On June 30, 2021, President Biden signed a joint resolution of Congress under the Congressional Review Act (“CRA”) to disapprove the OCC’s True Lender Rule. As a result, the True Lender Rule is now repealed.
The True Lender Rule was published in the Federal Register on October 30, 2020. According to the OCC, the Rule sought to clarify marketplace confusion that arises when a national bank partners with a non-bank lender, such as a marketplace lender.1 Determining which entity is making the loan (or is the “true lender”) determines which laws apply to the loans. The True Lender Rule provided that a national bank is the true lender if, as of the date of origination, (1) the national bank is named as the lender in the loan agreement for a loan and another bank funds that loan, or (2) the national bank itself funds the loan.2
As Cadwalader has previously reported,3 the Congressional Review Act gives Congress expedited procedures for agency rulemaking review. With that, Congress is empowered to pass resolutions of disapproval, which, when signed by the President, prevent an agency’s rule from either taking effect or continuing. In essence, when the President signs a joint resolution, it is as if the rule had never taken effect.4 Moreover, the rescinded rule “may not be reissued in substantially the same form, and a new rule that is substantially the same as such a rule may not be issued, unless the reissued or new rule is specifically authorized by a law enacted after the date of the joint resolution disapproving the original rule.”5
The House passed its joint resolution on June 24, 2021 and the Senate passed its resolution on May 11, 2021. President Biden signed the resolution on June 30, 2021, thereby terminating the rule’s effectiveness. Now, the patchwork of judicial decisions released before the OCC’s issuance of the Rule will control the true lender determination and decide what law applies.

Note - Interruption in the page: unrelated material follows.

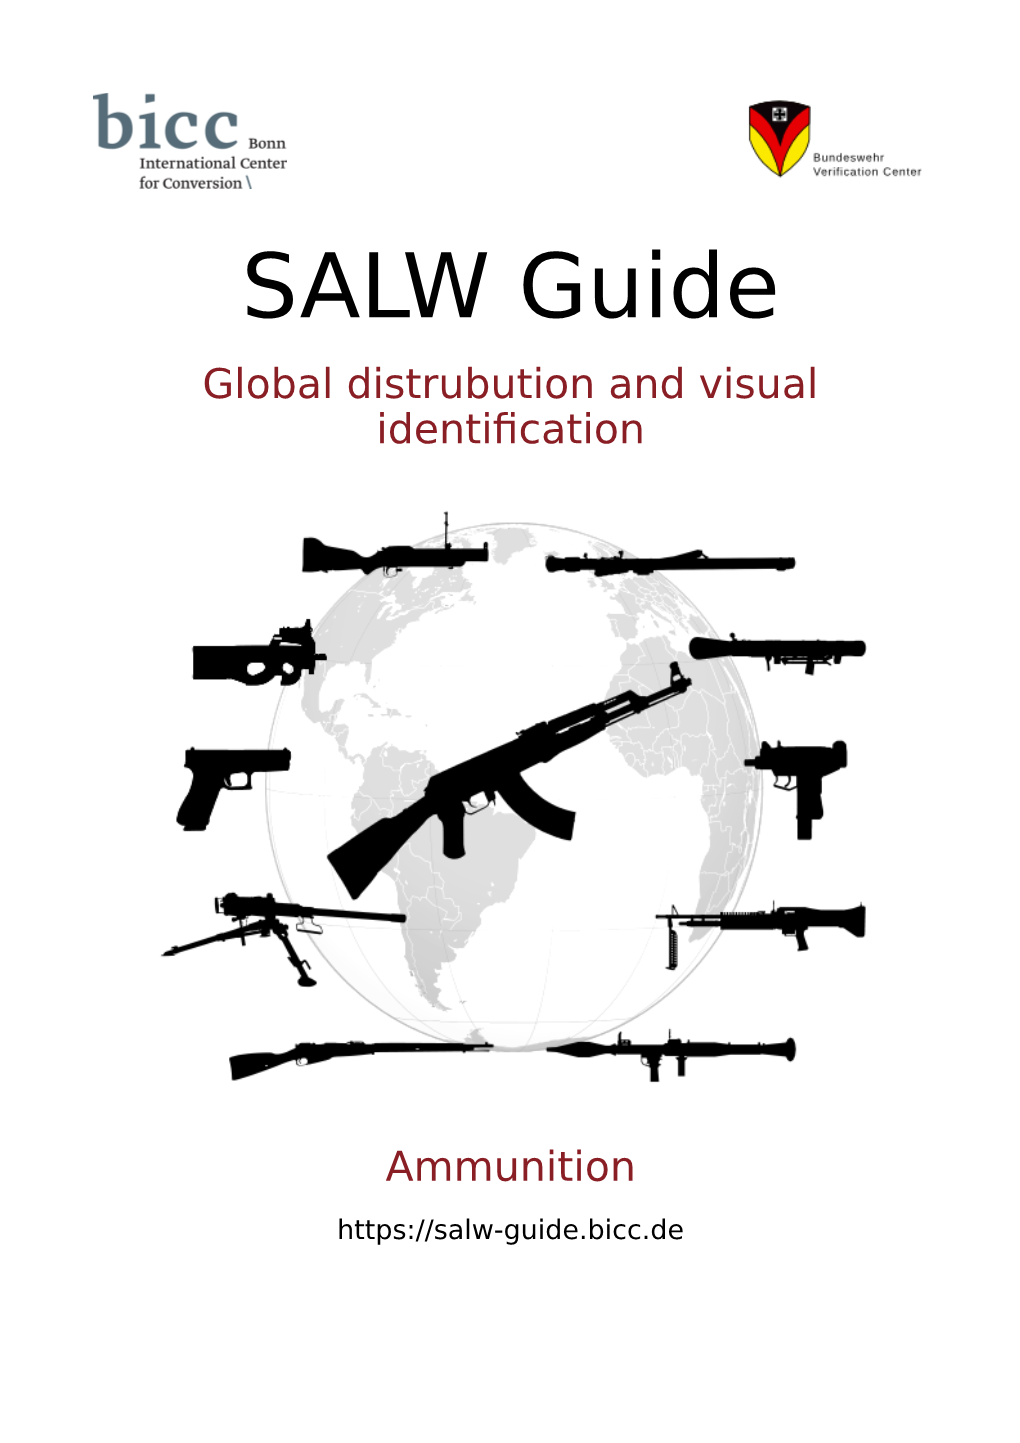 SALW Guide Global Distrubution and Visual Identification

As we have previously advised, we believe the repeal of the True Lender Rule is largely symbolic and that risks for marketplace loans remain basically the same.6 With that, the best ways to mitigate risks associated with challenges to bank-origination model loans include: (1) ensuring loan agreements have strong arbitration clauses reflecting contractual agreement to arbitrate any claims and not allow claims to be arbitrated on a class action basis,7 and (2), limiting the interest rates to below the threshold typically targeted by the CFPB and the state AGs (usually, 36%).
1 For a discussion of the bank origination model, see our Clients & Friends Memo, Marketplace Lending Update: Who’s My Lender? (Mar. 14, 2018).
2 2 C.F.R. 7.1031(b).
3 For more information on the Congressional Review Act, see Clients & Friends Memo, Marketplace Lending Update #9: To Thine Own Self Be True? Not Necessarily (May 21, 2021).
4 5 U.S.C. § 801(f).
5 5 U.S.C. § 801(b)(2).
6 See supra note 3.
7 See American Express Co. et al v. Italian Colors Restaurant et al., 570 U.S. 228 (2013) (holding that the Federal Arbitration Act does not permit courts to invalidate a contractual waiver of class arbitration on the ground that the plaintiff’s cost of individually arbitrating a federal statutory claim exceeds the potential recovery).